Не веря обретенной свободе, Жора поднялся с колченогого полусгнившего стула, на котором сидел, и попятился к пролому в борту, заменяющему дверь. Вода снаружи уже была не черной, а темно-зеленой – видимо, недалек был рассвет.
– Постой, – буркнул Блюкало. – Дай провожу…
– Да я сам как-нибудь…
– Провожу, – нажал водяной. – А то не всплывешь ведь или как-нибудь не так всплывешь…
Путь наверх, ко все более светлевшему над головой, чуть сморщенному утренним ветерком зеркалу речной поверхности, неторопливый и плавный, занял несколько минут, хотя глубина, чувствовалось, была небольшой.
– Тут торопливость совсем ни к чему, – ворчливо пояснял водяной, заботливо придерживая Арталетова скользкой лапой за локоть. – Выскочишь пробкой на поверхность, а кровь твоя и вскипит разом, позакупорит там все…
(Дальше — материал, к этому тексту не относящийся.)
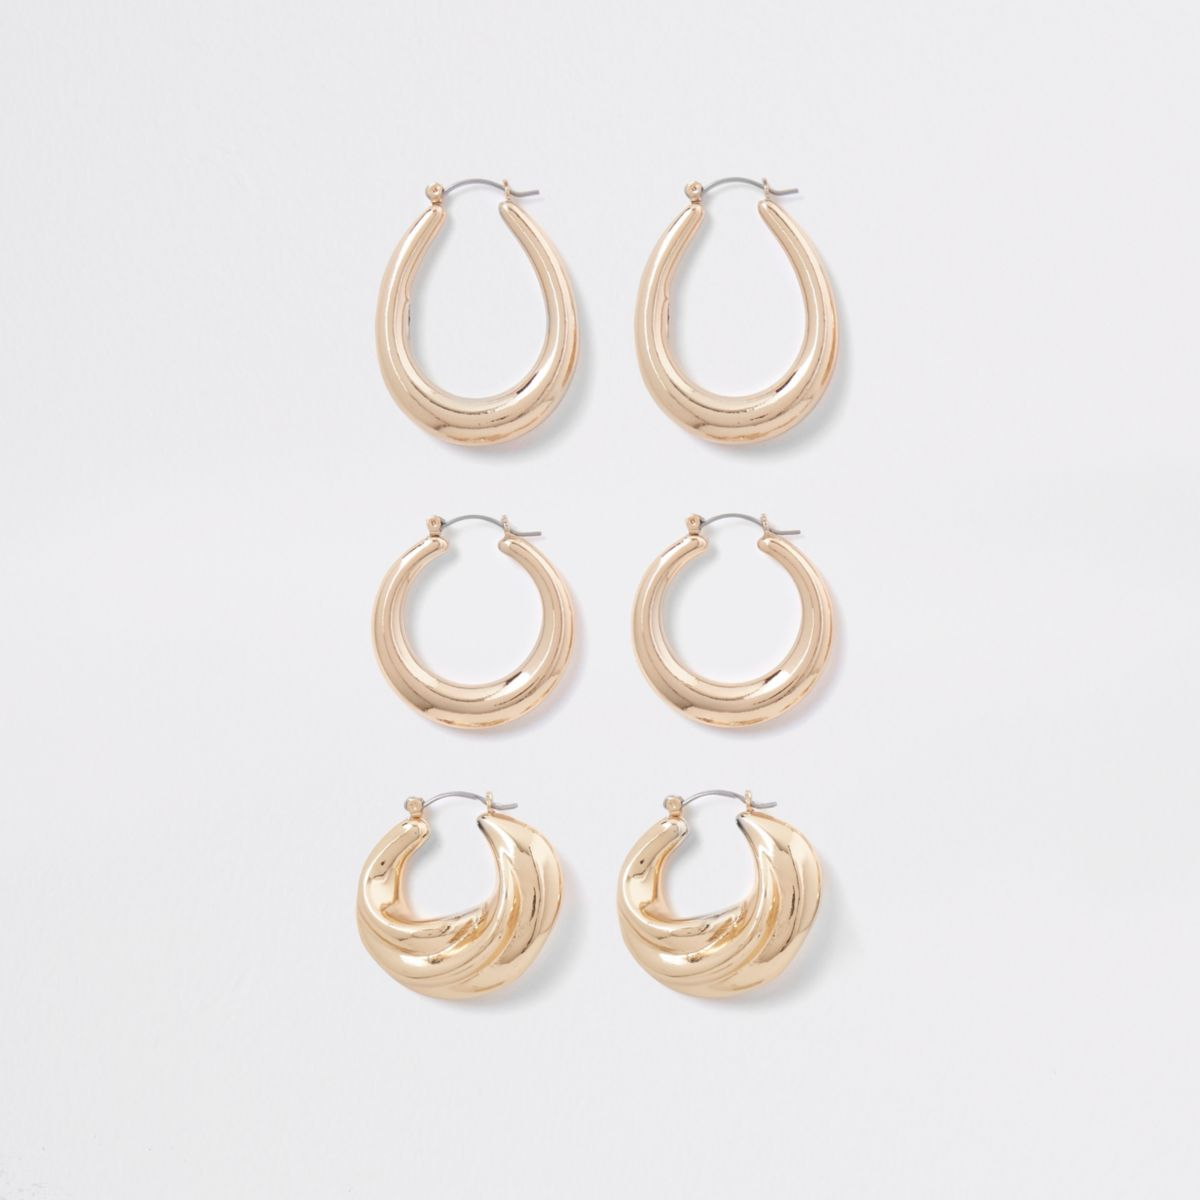 Gold tone metal hoop earring multipack

– Кессонная болезнь! – догадался Жора, вспомнив кое-какие книжки из жизни водолазов, запоем прочитанные в детстве.
– Не знаю уж, сонная или нет, – недослышал туговатый на ухо старик, – но жизни тебе не будет – хворей не оберешься, а уж по мужской части… Словом, вещь препоганая. Потому медленно нужно всплывать, медленно…
Видимо, всплывала странная парочка не вертикально вверх, а под углом в сторону берега, потому что, когда до колеблющегося ртутным морем розоватого зеркала осталось полметра, ноги Георгия наткнулись на поросшее водорослями дно.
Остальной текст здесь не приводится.